Number of the day: a Titanic passenger’s watch sells for a record $2.3 million
Chronometer by Jules Jurgensen
At an auction held by Henry Aldridge and Son in Wiltshire, England, a gold pocket watch belonging to a Titanic passenger was sold for a record-breaking $2.3 million.
The pocket chronometer by Jules Jurgensen had belonged to Isidor Straus, co-owner of America’s largest department-store chain. He was traveling with his wife Ida in a first-class cabin. When the ship began to sink, Straus refused to take a seat in a lifeboat as long as women and children remained on board. Ida likewise refused to leave the ship without her husband. This story inspired the poignant scene in James Cameron’s film, in which an elderly couple embraces in bed as their cabin fills with water.
Isidor’s body was found in the Atlantic several days after the disaster, but Ida was never recovered.

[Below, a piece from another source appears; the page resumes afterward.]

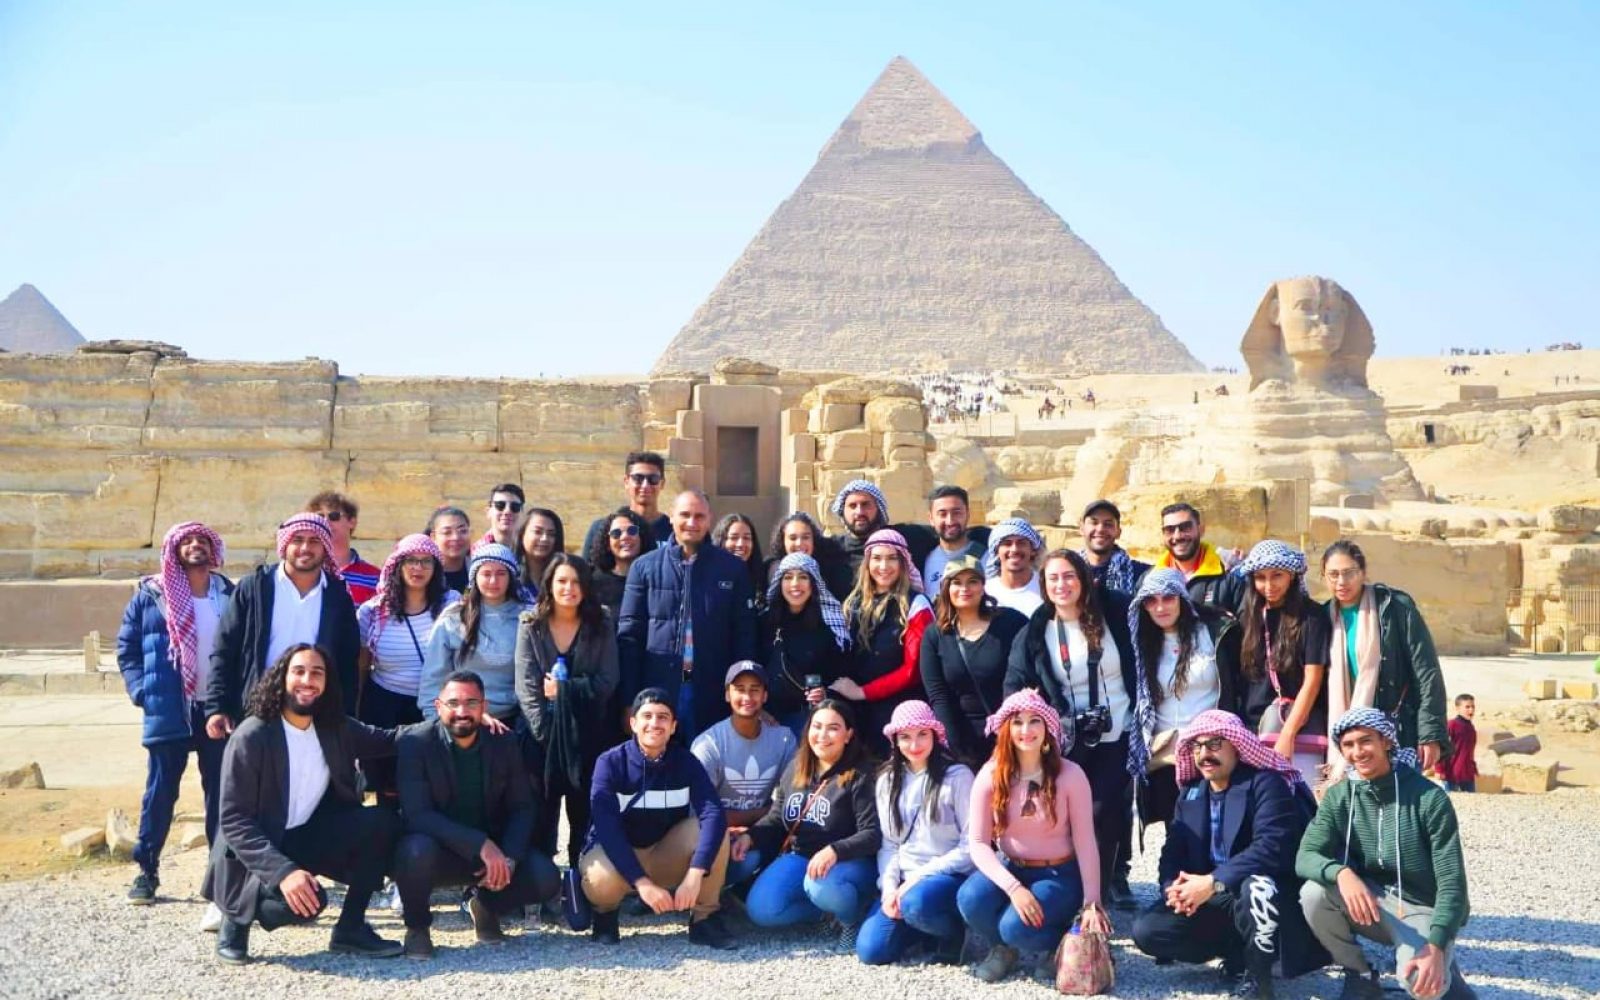 الحكومة المصرية تصدر بعض القرارات لعودة السياحة الوافدة الشهر المقبل
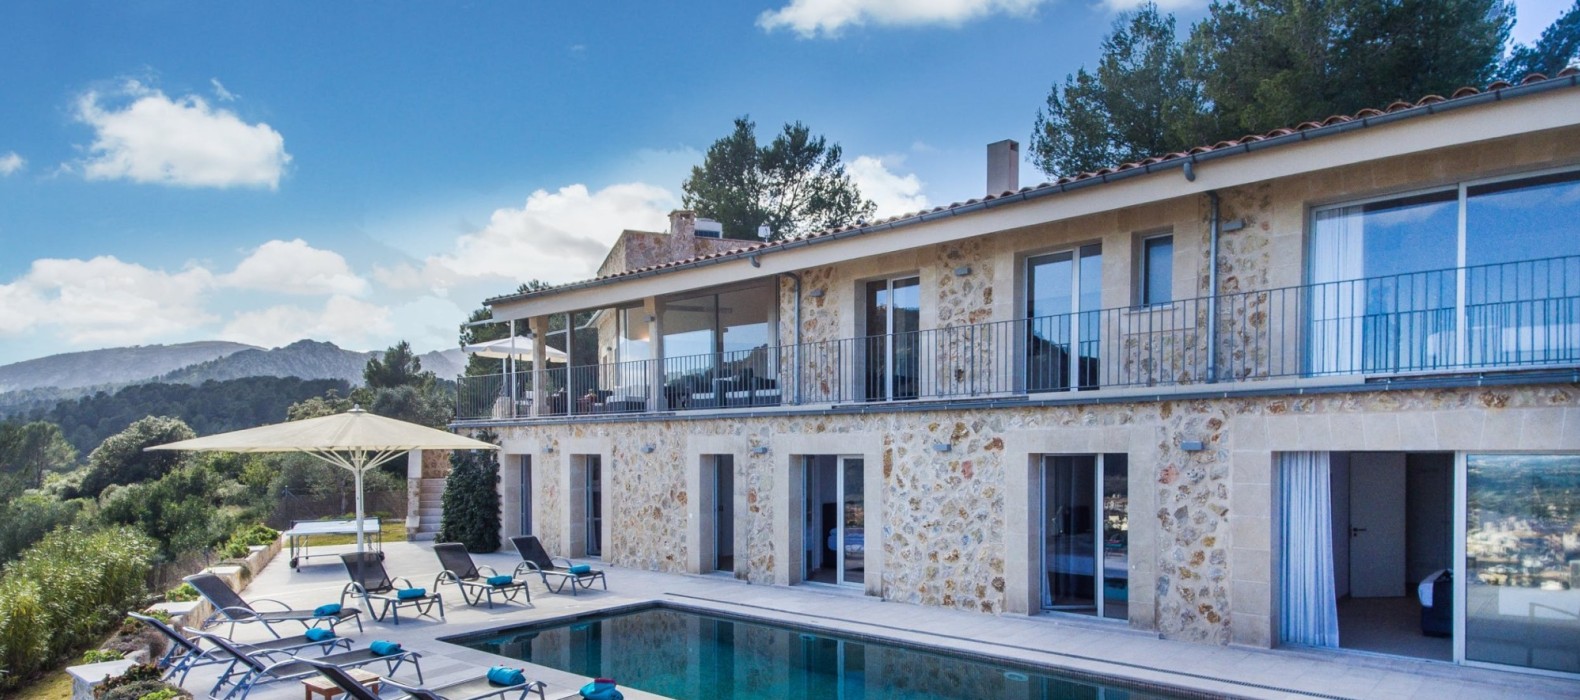 Exterior villa pool view of Casa Dulce Vista in Mallorca

The 18-karat gold watch had stopped at 2:20 a.m. – the exact moment the Titanic sank on the night of April 14–15, 1912. The chronometer had been a gift to Straus for his 43rd birthday and bore his engraved initials.
Auctioneer Andrew Aldridge noted that the record price reflects the enduring fascination with the story of the Titanic’s sinking and with the «majestic love story» of the Straus couple.